**DATA PROVIDED**
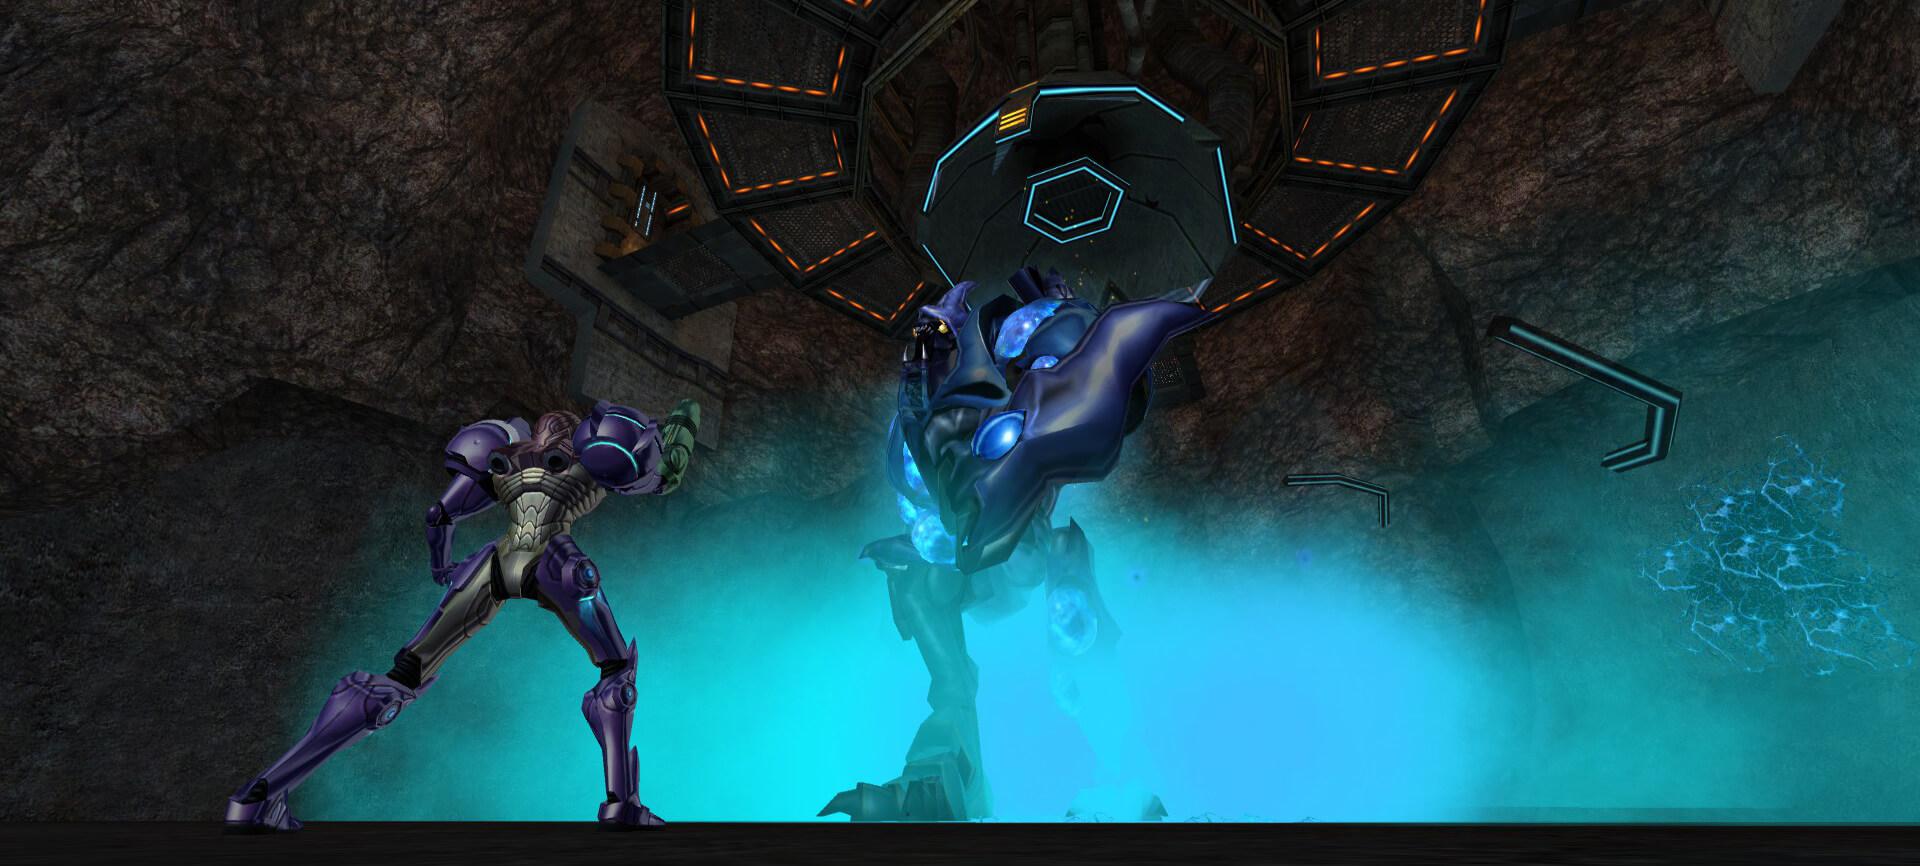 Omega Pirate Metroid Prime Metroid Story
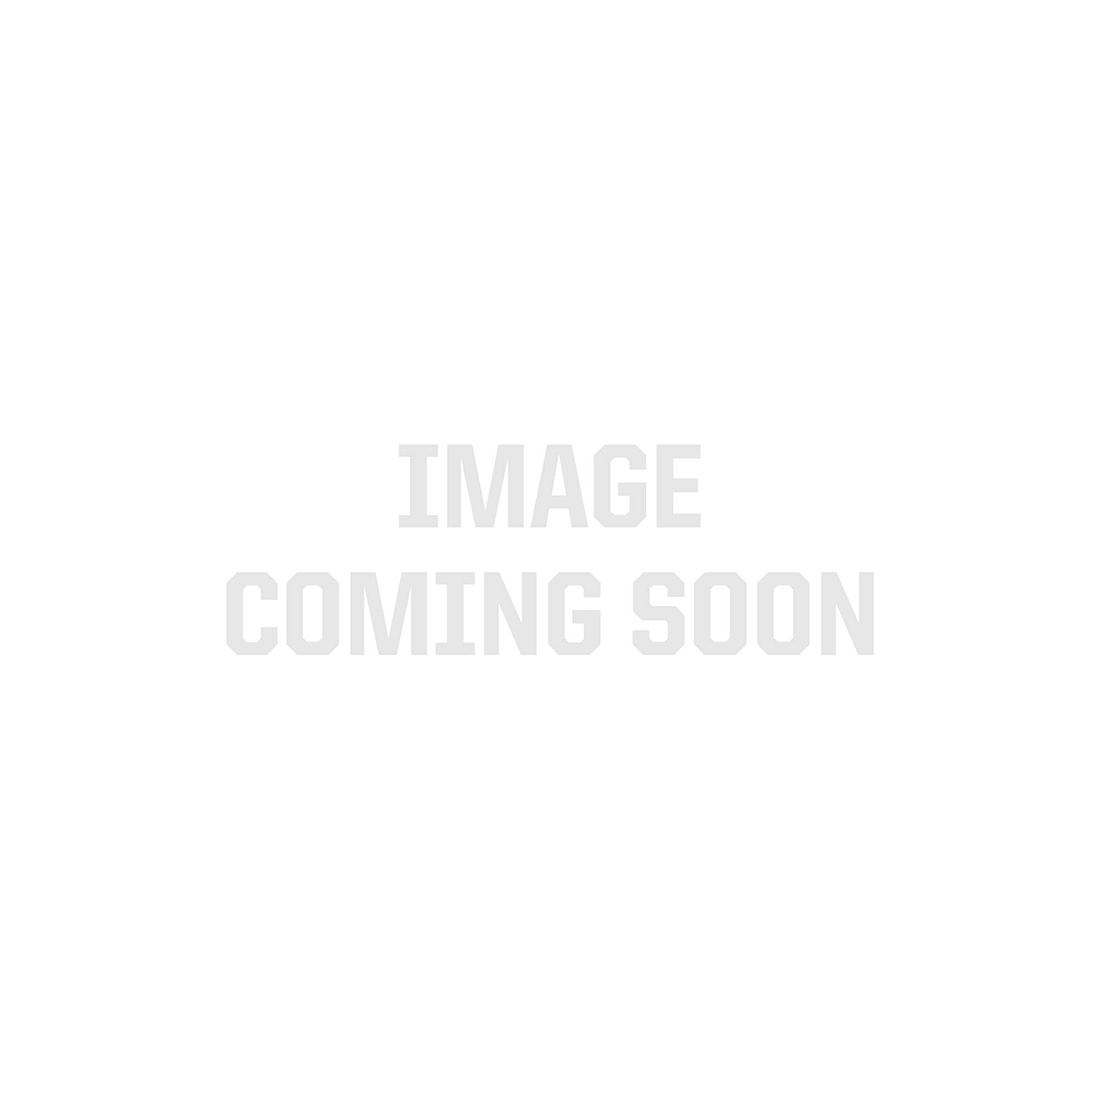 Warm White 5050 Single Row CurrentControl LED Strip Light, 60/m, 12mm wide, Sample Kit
==
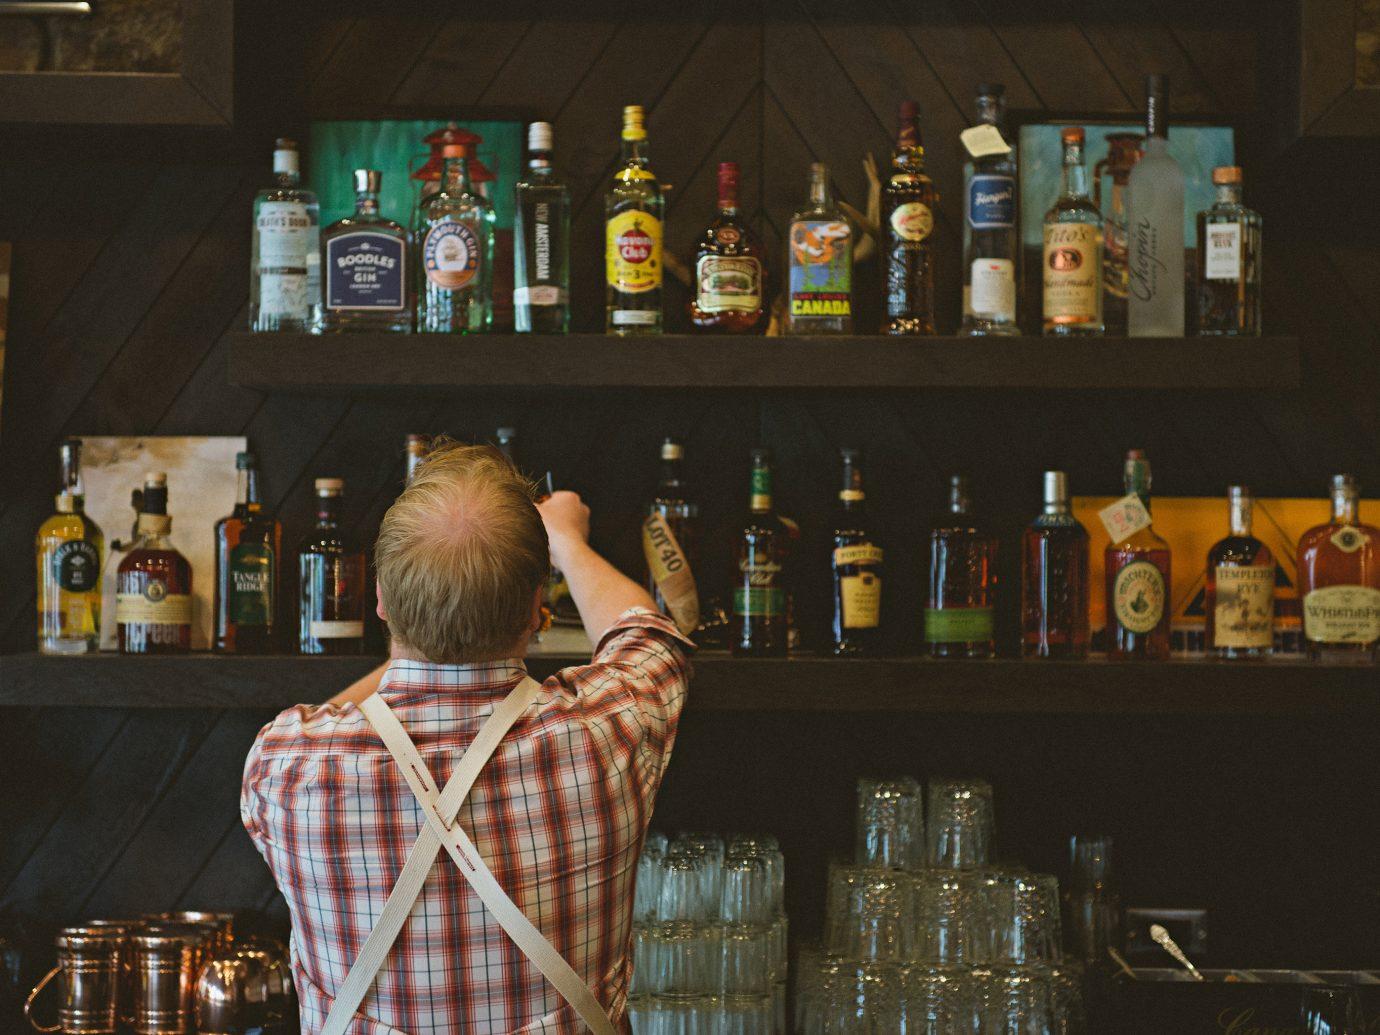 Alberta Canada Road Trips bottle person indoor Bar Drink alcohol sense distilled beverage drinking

**WORK REQUIRED**
Output exactly the lines of the listing above that start with the one holding "Omega Pirate Metroid Prime Metroid Story" and go on through the one holding "Warm White 5050"; leave the pictures out.

**EXERCISE RESPONSE**
 Omega Pirate Metroid Prime Metroid Story
 Warm White 5050 Single Row CurrentControl LED Strip Light, 60/m, 12mm wide, Sample Kit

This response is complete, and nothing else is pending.